Download some images locally. (We'll talk about how to use cloud storage later.)
For labeling configuration, click Custom model on the left and copy and paste the HTML code of label-studio-customized-ml-backend/label_studio_frontend/view.html
deposit. You don't need all four header lines if you don't want to display image metadata in the labeling interface. Feel free to modify the code here as needed or click Visual to add or remove labels.
Now click To safeguard and your labeling interface should be ready.
At the top right, click on the user settings icon and click Account Setting and you should then be able to copy your access token.
3. Configure backend containers
In the label-studio-customized-ml-backend
directory, there are many backends thanks to the Label Studio developers. We will use the custom ./segmentation
backend for segmentation prediction (container 1) and ./label_studio_ml/examples/segment_anything_model
for faster labeling (container 2). The first will use port 7070 and the second will use port 9090, making it easy to distinguish from the 8080 front port.

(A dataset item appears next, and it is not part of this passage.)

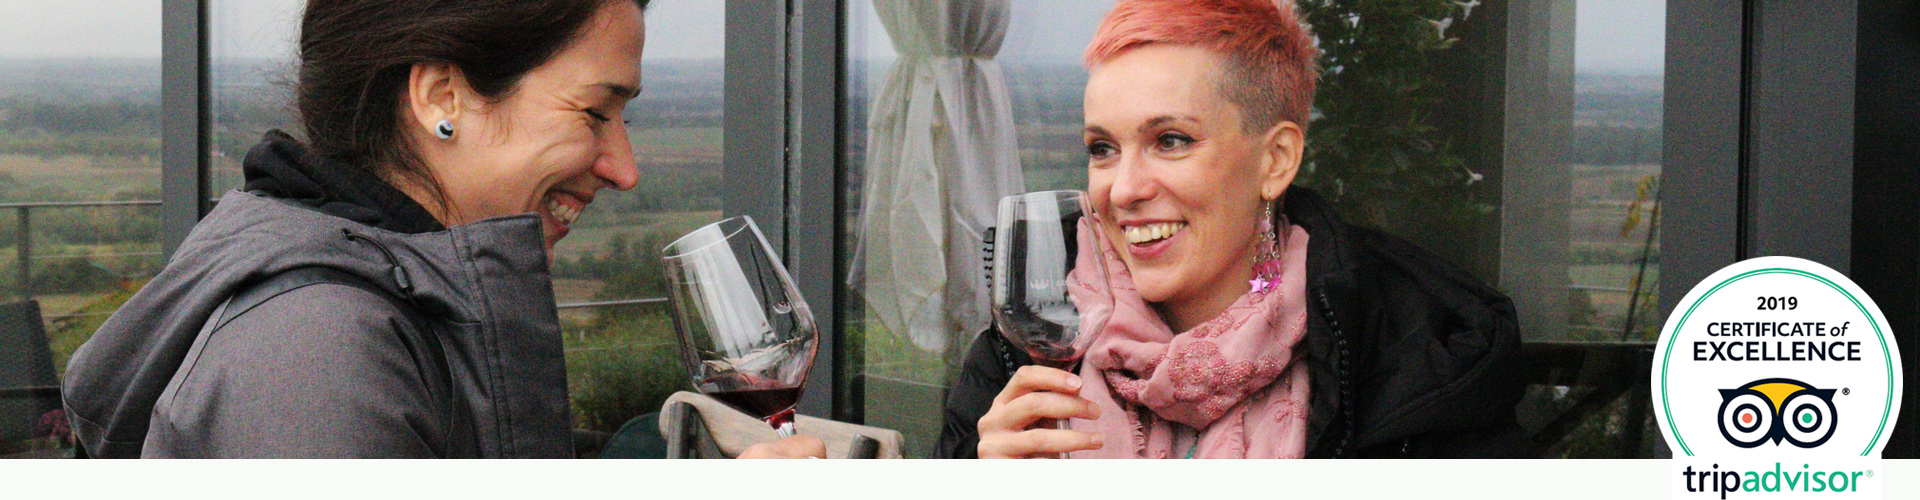 Two girls enjoy tasting wine on wine tour.

Now paste your access token in the 2 docker-compose.yml
files in ./segmentation
And ./label_studio_ml/examples/segment_anything_model
Files.
environment:
- LABEL_STUDIO_ACCESS_TOKEN=6dca0beafd235521cd9f23d855e223720889f4e1
Open a new terminal and you enter the segment_anything_model
directory as you did before. Next, launch the segment any container.
cd label-studio-customized-ml-backend/label_studio_ml/examples/segment_anything_modeldocker build . -t sam:latest
docker compose up
Then open another new Terminal CD in the segmentation
directory and launch the segmentation prediction container.
cd label-studio-customized-ml-backend/segmentationdocker build . -t seg:latest
docker compose up
As of now, we have successfully started all 3 containers and you can check again.
4. Connect containers
Before, what we were doing with the access token was already helping us connect containers, so we're almost done. Now go to the frontend that you started some time ago and click Settings in the upper right corner. Click on Machine learning left and click Add a template.
Make sure to use the URL with port 9090 and enable interactive preannotation. Complete the addition by clicking Validate and save.
Likewise, do the same with the segmentation prediction backend.
Then I like to activate Retrieve predictions when autoloading a task. This way, every time we refresh the labeling page, the segmentation predictions will be automatically triggered and loaded.
5. Happy labeling!
Here's a demo of what you should see if you follow the steps above.
If we're not happy with the predictions of, say, the skirt, we can remove the skirt and use purple magic (segment anything) to quickly label it.
I'm sure you can figure out how to use the brush, eraser and magic wand for yourself!